By analogy, the first House of Representatives demanded documents from President George Washington’s cabinet, the president resisted and the House accommodated the president’s resistance with a revised request. Although the 116th House likely does not respect this president as much as the first House respected that president, a reviewing court should decide based only on the same presidential office, regardless of who is occupying it.
The subpoenas are unenforceable as law-enforcement efforts
Although the House has the implied power to issue subpoenas in support of its legislative efforts, that implied power does not extend to the House’s – much less a House committee’s – acting in a law-enforcement capacity. Instead, the House has only one law-enforcement function, and it is an express power: the power to impeach a president. The implied power does not displace the sole and express criminal enforcement power that the Constitution gives the House.

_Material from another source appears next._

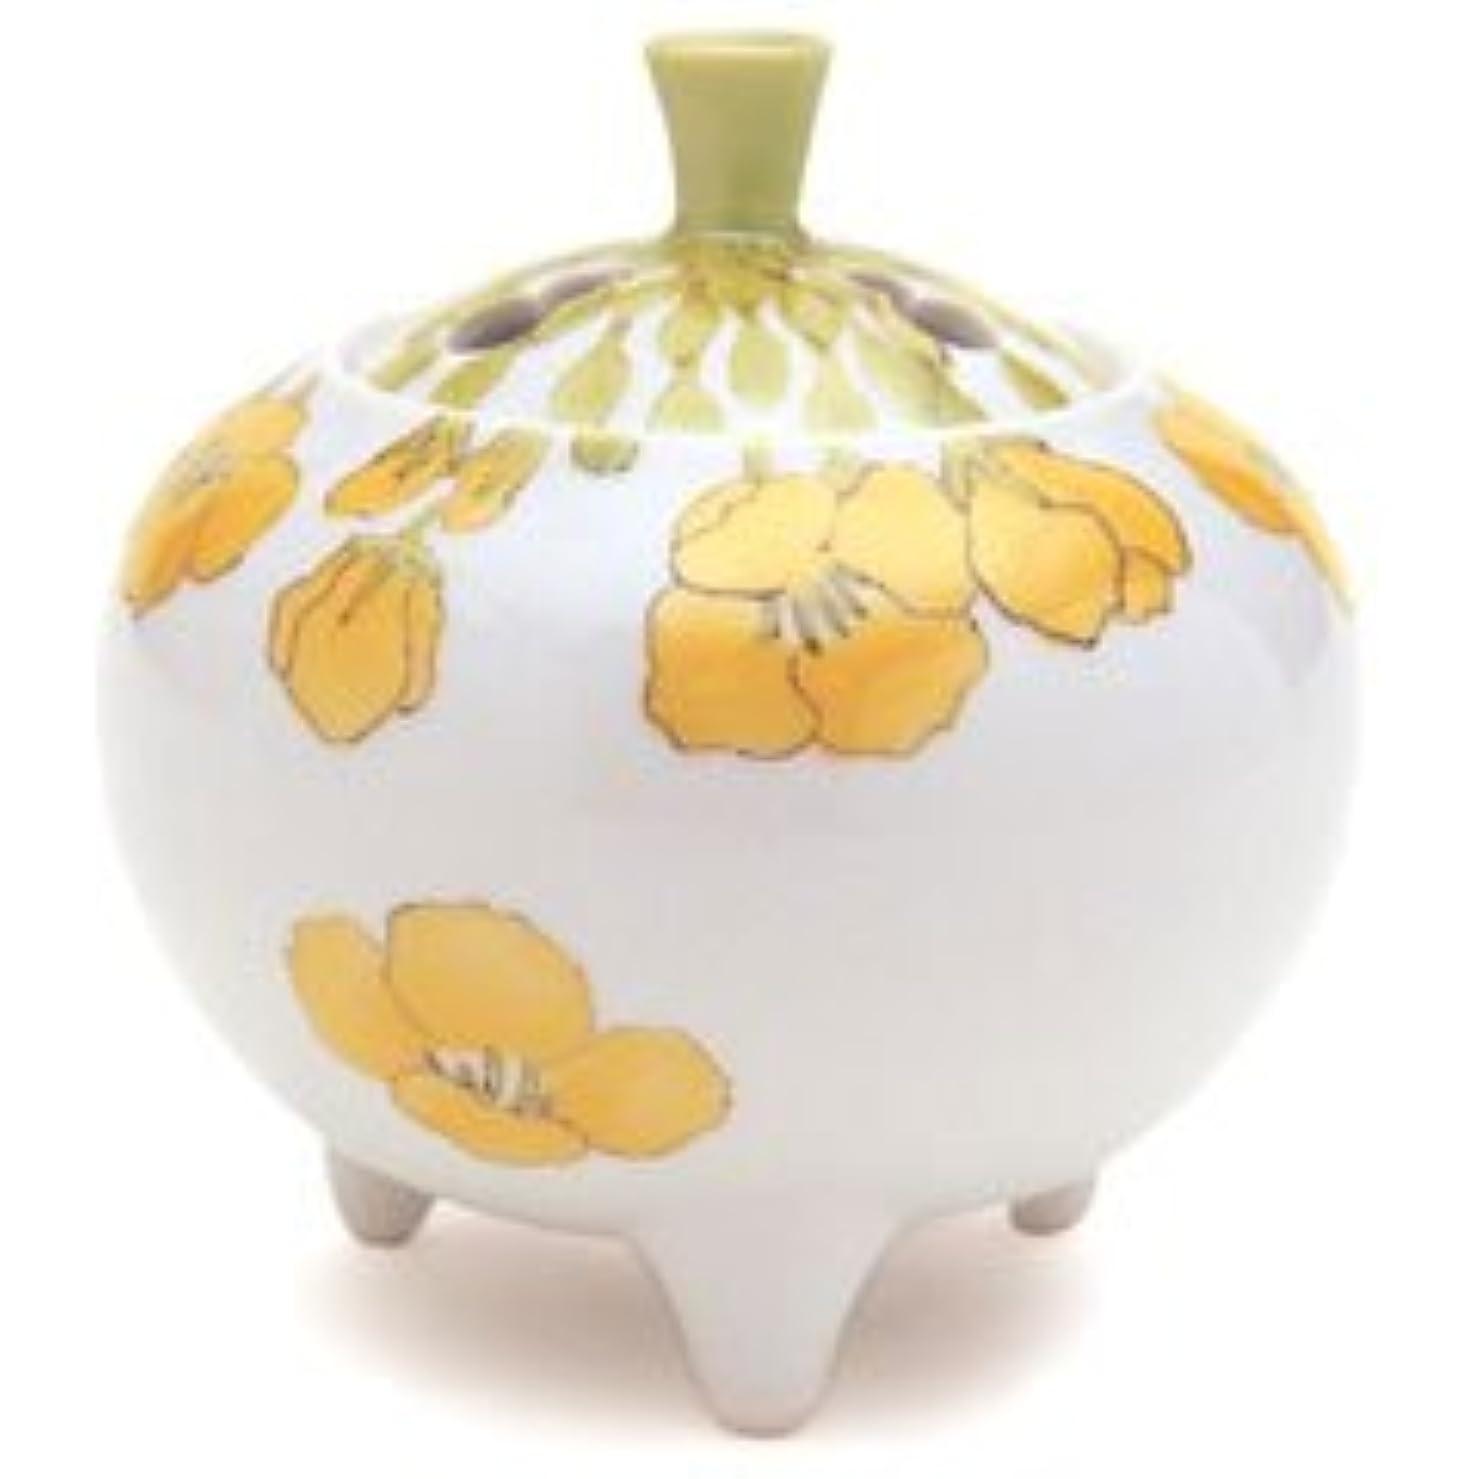 より良いコンサルタントファウル香炉 流麗 菜の花 (九谷焼)

New York County’s District Attorney Cyrus Vance fares no better. In the third case, Trump v. Vance, he makes many arguments as follows, which do not apply to this situation: (1) Presidents can be subpoenaed as witnesses, but President Donald Trump is clearly a target of the investigation; (2) presidents can be sued for private civil harms in federal court, but Vance seeks documents for a public harm in a criminal case in state court; (3) courts can – per Supreme Court authority – trust U.S. attorneys to pursue cases in the public interest, but that does not apply to every county district attorney, many of whom have launched politically motivated attacks; (4) federalism protects state and local actions within the historic powers of those levels of government, but the protected field is the federal field (prosecuting presidents) not a state or local one (prosecutions generally), and that federal field has no history of state and local activity; and (5) government is entitled to a “presumption of regularity,” but this is no ordinary case, and several facets of the case raise troubling questions. In short, if Vance thinks that the president committed a crime, he needs to wait until the president leaves office to pursue it. Otherwise, every future president could face prosecutions and subpoenas from disaffected corners of the country.

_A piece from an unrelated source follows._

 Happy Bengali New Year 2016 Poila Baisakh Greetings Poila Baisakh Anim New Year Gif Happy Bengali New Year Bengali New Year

The House subpoenas lack a legislative purpose
If Congress has the implied power to subpoena the executive branch, that power is implied from Congress’ power to legislate. This means that Congress cannot use its implied subpoena power for other purposes, such as law enforcement or – potentially – opposition research. As Chief Justice John Roberts held in Department of Commerce v. New York, quoting the eminent Judge Henry Friendly, for whom he clerked, the court is “‘not required to exhibit a naiveté from which ordinary citizens are free.’” These subpoenas appear to have nothing to do with legislation, beyond a pretext. And maybe not even that.
The Supreme Court should withdraw the federal judiciary from these inter-branch fights
Finally, Eagle Forum ELDF’s brief also suggests that the court deem such inter-branch subpoenas unenforceable in federal court. The legal doctrine under which the court would essentially recuse itself is known as the “political question” doctrine. Under this doctrine, federal courts dismiss suits for lack of jurisdiction under Article III of the Constitution, which defines and limits the federal judicial power. Eagle Forum ELDF does not suggest dismissing the president’s suits to quash the subpoenas; instead, Eagle Forum ELDF suggests that the court should rule for the president because the subpoenas are unenforceable.
The alternative – to allow a mere committee of one chamber of Congress to harass a president – will neither end well nor end here. A precedent that allows intrusive investigations would weaken the presidency and the nation.